Invite Friends is highlighted while not being used by users often. The highlighted number causes problems because it dominates over other more useful features too much, which is not designed with the needs and interests of the user in mind. 

The SMS center and email center has poor mapping and system image, the user flow is incomplete, users can’t predict the outcome after checking or unchecking all the checkboxes.

Recommendations:

The action of “Invite Friends” can be designed when users finish their order. So it won’t appear every time in the menu with the red notification. After failing to clear the red notification multiple times, users would decide that they cannot do the task and ignore it. Relocating the“Invite Friends” action to the finishing order stage will provide a better user-centered design.  
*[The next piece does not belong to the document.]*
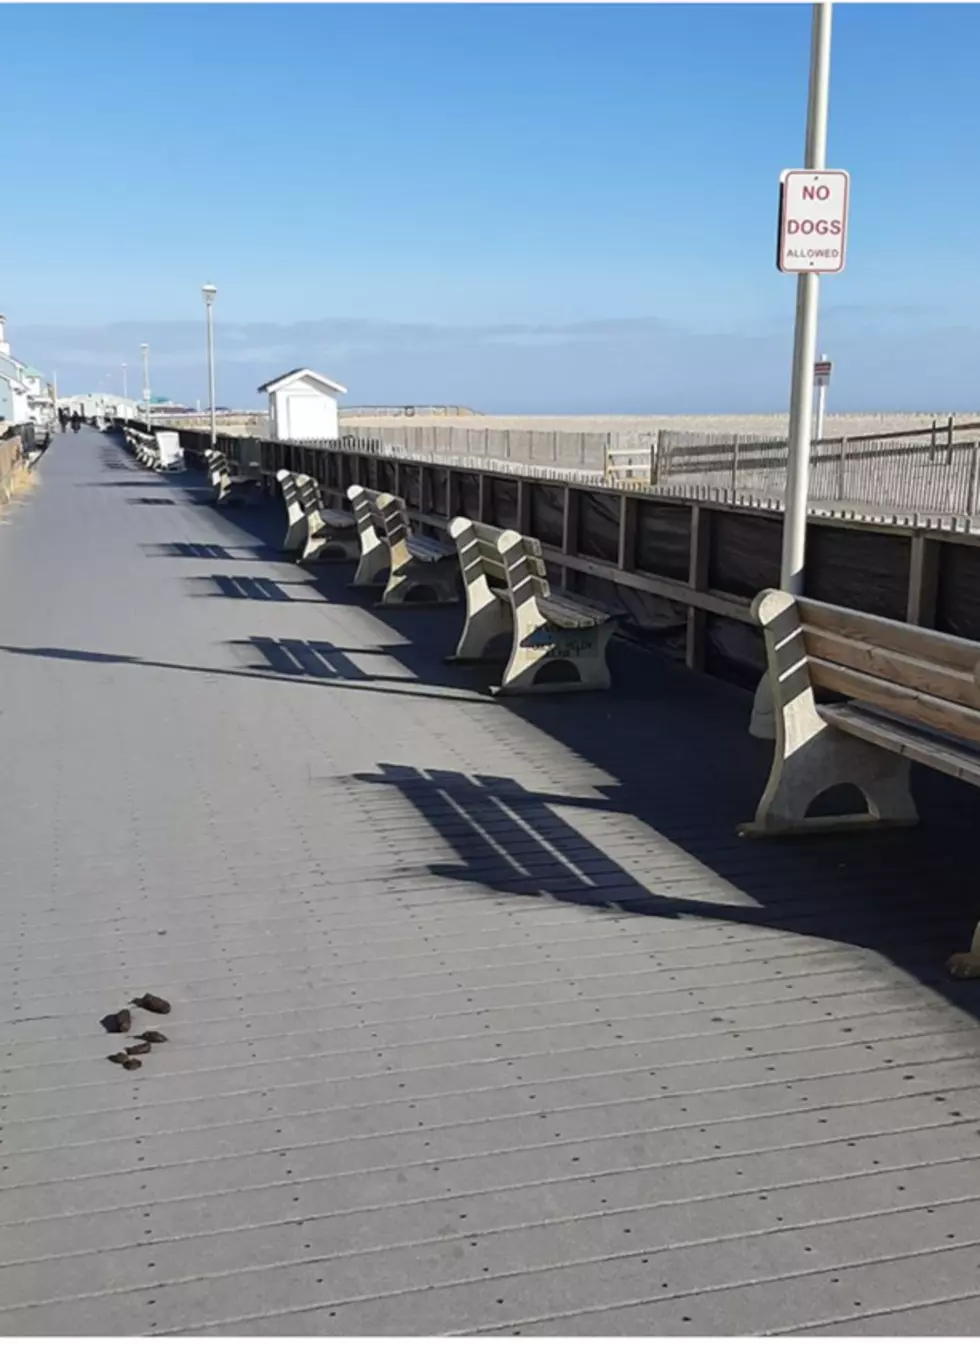 Pick up your dog’s poop! Point Pleasant Beach Police are cracking down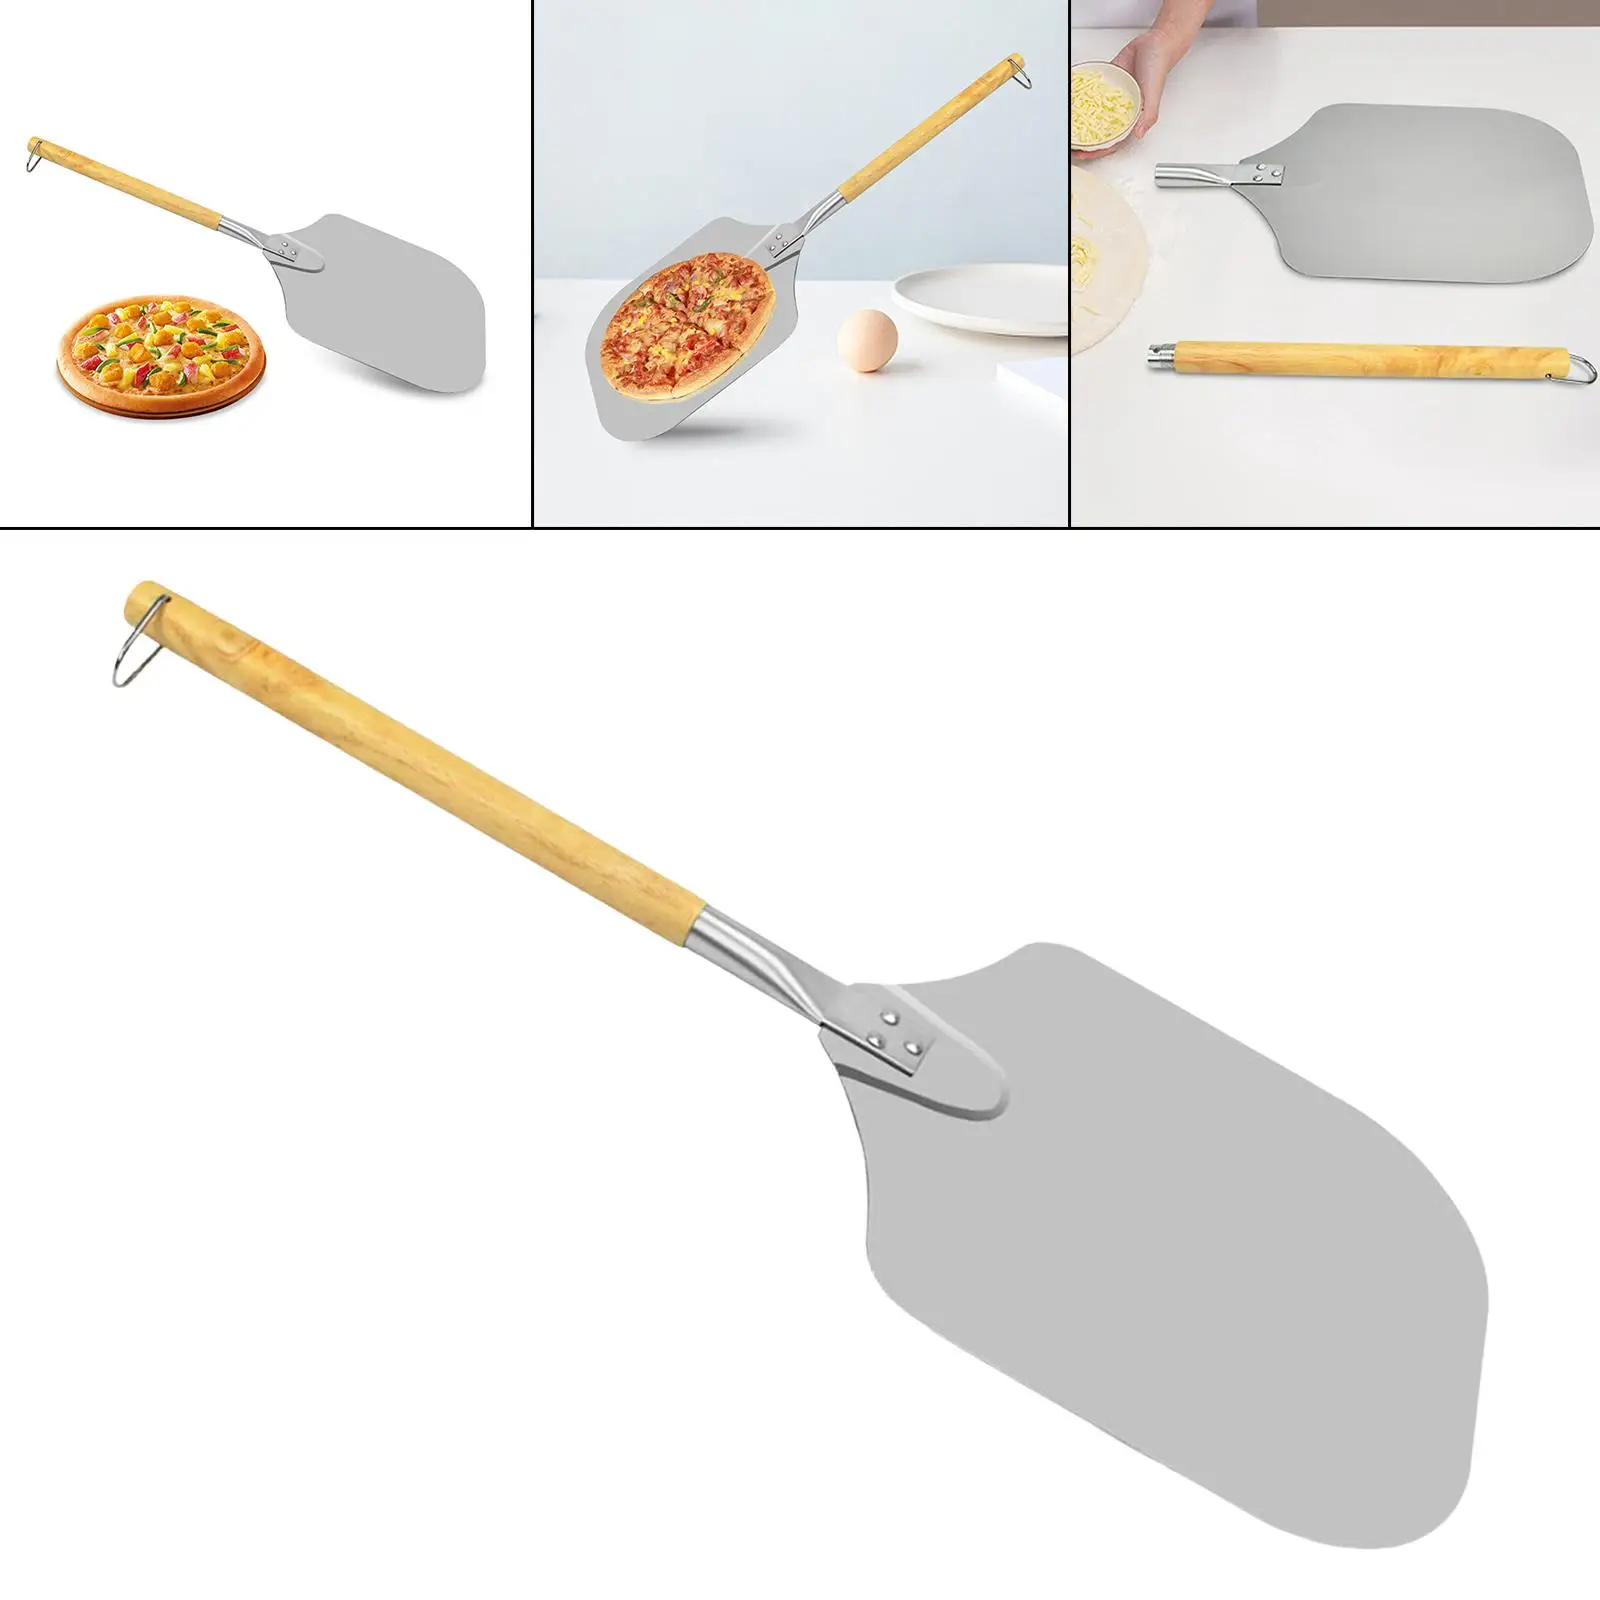 Practical Stainless Steel  Peel Wooden Handle for Bread Pastry Oven or Grill Use Kitchen Baking Tools  Spatula  Shovel

Clear word instructions (what type of text message and email services they will get) can be provided with the checkbox, which will improve the visibility of the design and complete the system image in order to make the users know what to do and understand the outcomes.

 

Discover personalized wine recommendations

Overall Rating: ★★★★☆

Well Designed:

The experience of discovering personalized wine recommendations is designed with clear and separated cards with the name and the location of the wine, the price, and an “ADD TO BOX” button, which provides great visibility and natural mapping. Users know exactly what they will expect after tapping the button. After tapping “ADD TO BOX”  button, the number of wine added will show on the top right which provides solid feedback.

Could Be Improved:

There are no clear instructions on how to get access to the detailed description of the wine, users have to rely on their knowledge of the head to tap the card to get to the destination, which also doesn’t help users complete a smooth seven stages of the gulfs of execution and evaluation.

Recommendations:

By adding a light grey background color and a simple Learn More button will improve the affordances of the card and provide a better conceptual model. Users will know the physical properties of the “Learn More” button affords to tap and the outcome from that would be the detailed description of the wine.

 

Customize orders

Overall Rating: ★★☆☆☆

Well Designed:

The experience to choose the preference wine has a good balance between usability and aesthetics which makes it easier to use. Two clear selection boxes are provided to customize the amount of red wine and white wine with no other useless features. The total number of wines per month changes after the selection which provides good feedback.

Could Be Improved:

Users can’t cancel the order or the monthly subscription without contacting the support, which also leads to a low rating result in Apple Store (two stars). With the current design of the ordering system, wines are sent monthly even without personalized selection, which creates Loss-of-Activation Errors and makes users feel stupid by forgetting to choose their wines.  

Recommendations:

To prevent human error, it’s better to make it possible using the app to cancel the order by adding a “Cancel Order” section under the menu. Notifications should be sent before the order date to remind the users to pick their desired wines, which will create a better system with less human error.